南蕴懒洋洋的跟江清屿对视着,眉眼上扬,流露出几分肆意,几分张扬,似笑非笑,倒是和南知的样子如出一辙。
江清屿神色未变,眸子深了深,他嘴角轻扬
“阿蕴,平常你坐这儿也就罢了,可是今时今日不同,你心里应当知晓,不过你若是非愿意坐这儿也没关系,不过是麻烦岁岁换个座位罢了”
他轻声喊了喊
“岁岁”
聊得正开心的南知回过头,疑惑地望着他
江清屿笑了笑,眉眼皆是温润,带着几分清风徐来的笑意。
“我们换个位置吧”
南知看了一眼旁边的南蕴,漂亮的眼睛弯成小月牙,作势要起身。
“好啊”
她还顺便把旁边的江栖带上
“栖栖我们一起”
南蕴:……………
人家的鸟儿都是长大了,翅膀硬了,一鼓作气飞上天,你是长大了,翅膀硬了,大鹏展翅把天捅破!

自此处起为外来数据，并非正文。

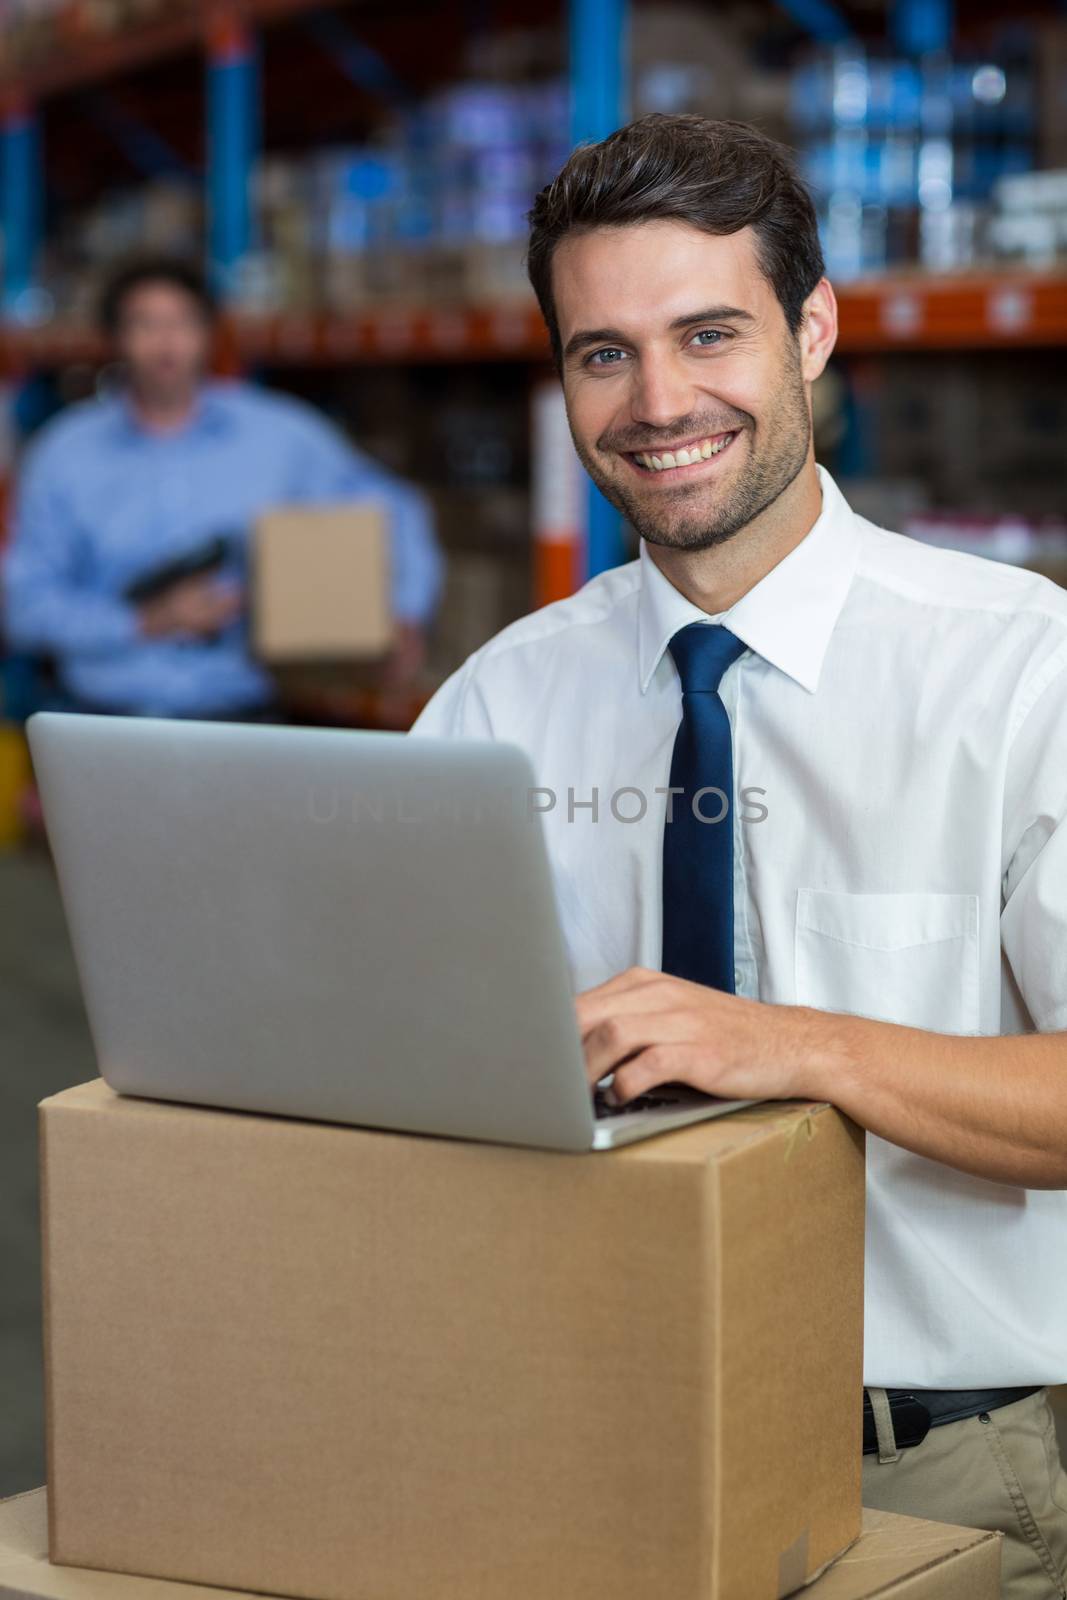 Portrait of happy manager using a laptop put on cardboard in a warehouse

他深深吸了一口气,不停的告诉自己,这是亲妹,这是亲妹,不能打。
几乎是咬牙切齿的说出来的
“给我坐下!我走!”
他猛地站起身,回头看了一眼江清屿,眉眼阴沉,扯出一抹笑容
“你坐吧,这位置啊,你可得做稳当了,我让出来的位子可没那么好坐,你可得小心点,毕竟谁都不像我这么好说话”

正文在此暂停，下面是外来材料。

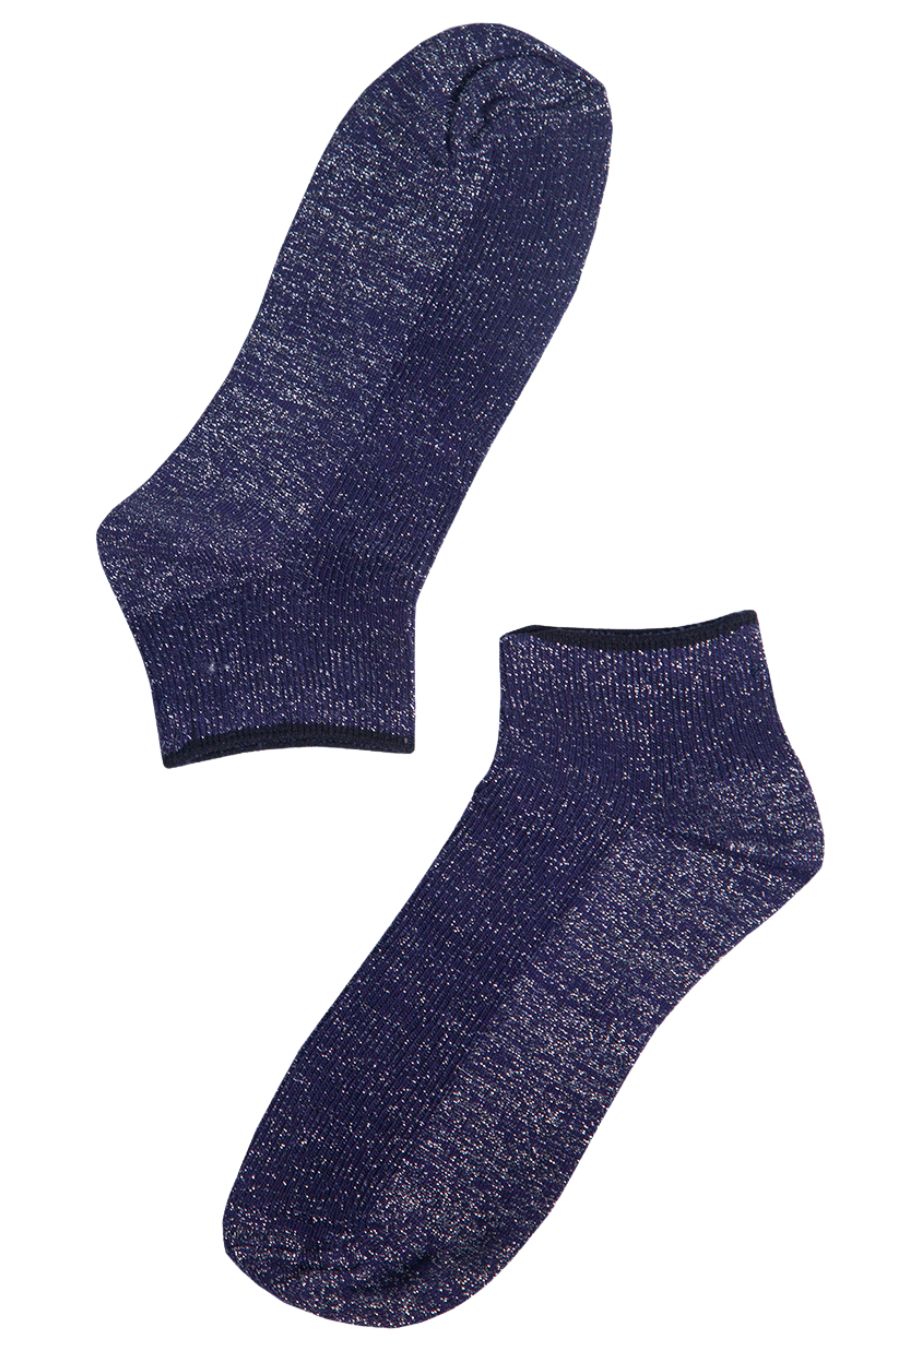 navy blue and silver glitter trainer socks

许是当兵久了,身上带着一股嗜杀的味道,威压沉沉落下来,竟有一种山雨欲来城欲摧的即视感。
看着他的眼睛,无端心生几分怕意和恐惧感。
江清屿面容依旧清冷,眼角眉梢都挂着几分沉稳淡然,他轻轻勾勾了勾唇,走上前,缓缓的坐到了位子上,这才转头对南蕴说了一声
“谢谢”
南蕴微笑
“不用谢”
南知:………
总感觉这两个人状况不太对。
既然人到齐了,南父江父就招呼着他们吃饭。
“行了行了,你们可别聊了,吃点东西吧”
南父笑了笑,又端起酒杯对江父比了比。
“咱们呢,那么多年的好朋友了,大家也都是知根知底的,我这女儿啊,从小就不让我省心,天天闹腾的很,你瞧瞧她长这么大性子也没收过来,我就一直担心着她以后什么样的人能管住她,又有什么样的人能陪她过一辈子啊,可是现在我不担心了,小江是我从小看着长大的,那是从小优秀到大,现在在别人口里都还是个传说呢,那我心里自然也就是放心了,这还是她捡了个天大的便宜,能遇上小江,还真是我这臭女儿修来的福气”
江父站起身,笑了笑,端着酒和他碰了杯。
“我说你可别跟我说这话啊,我儿子怎么样我心里有数,别的不说,就我自己,馋你闺女馋好久了,我可是做梦都希望我有这种贴心小棉袄的,可我家那性格你也知道,他除了对自己那些研究,对我们呀,那都是冷冷淡淡的,没有什么情绪,可是半点没让我享那种儿孙福,不过好在啊,有你这闺女陪着我们,我和你嫂子,那才是真真正正的快乐呢”
接着,就是两波父母互吹对方儿女,谈笑间喜笑颜颜,那是开心的不亦乐乎,而两个当事人,安安静静的吃着东西,头都不带抬一下的。
倒不是别的,江家南家,那都是多少年交情了,两个都是响当当地位稳的名门大家族,都几百年了还一直经久不衰,繁荣昌盛,那都是彼此互相扶持了起来的,一个家族能否站稳脚跟,就看有没有和你同心的人,要不说南知从小就是江家看着长大的呢,就以两家这交情,她们的父母都是开裆裤长大的,青梅竹马的感情,其实他们平时根本就不说这些客套话,但现在毕竟场合不一样,也就是开场白互相寒暄一下。
江清屿慢条斯理的剥着龙虾,修长如美玉的手指极具有美感,他缓缓的剥好了一碗,然后推给南知,动作看起来极为熟捻,他拿着纸擦了擦手,然后又从南知的小包包里拿出牛奶,插上吸管放到旁边
南知头也没抬,接过了碗就开始认认真真的吃着,吃累了就喝一口牛奶,看起来极为舒坦。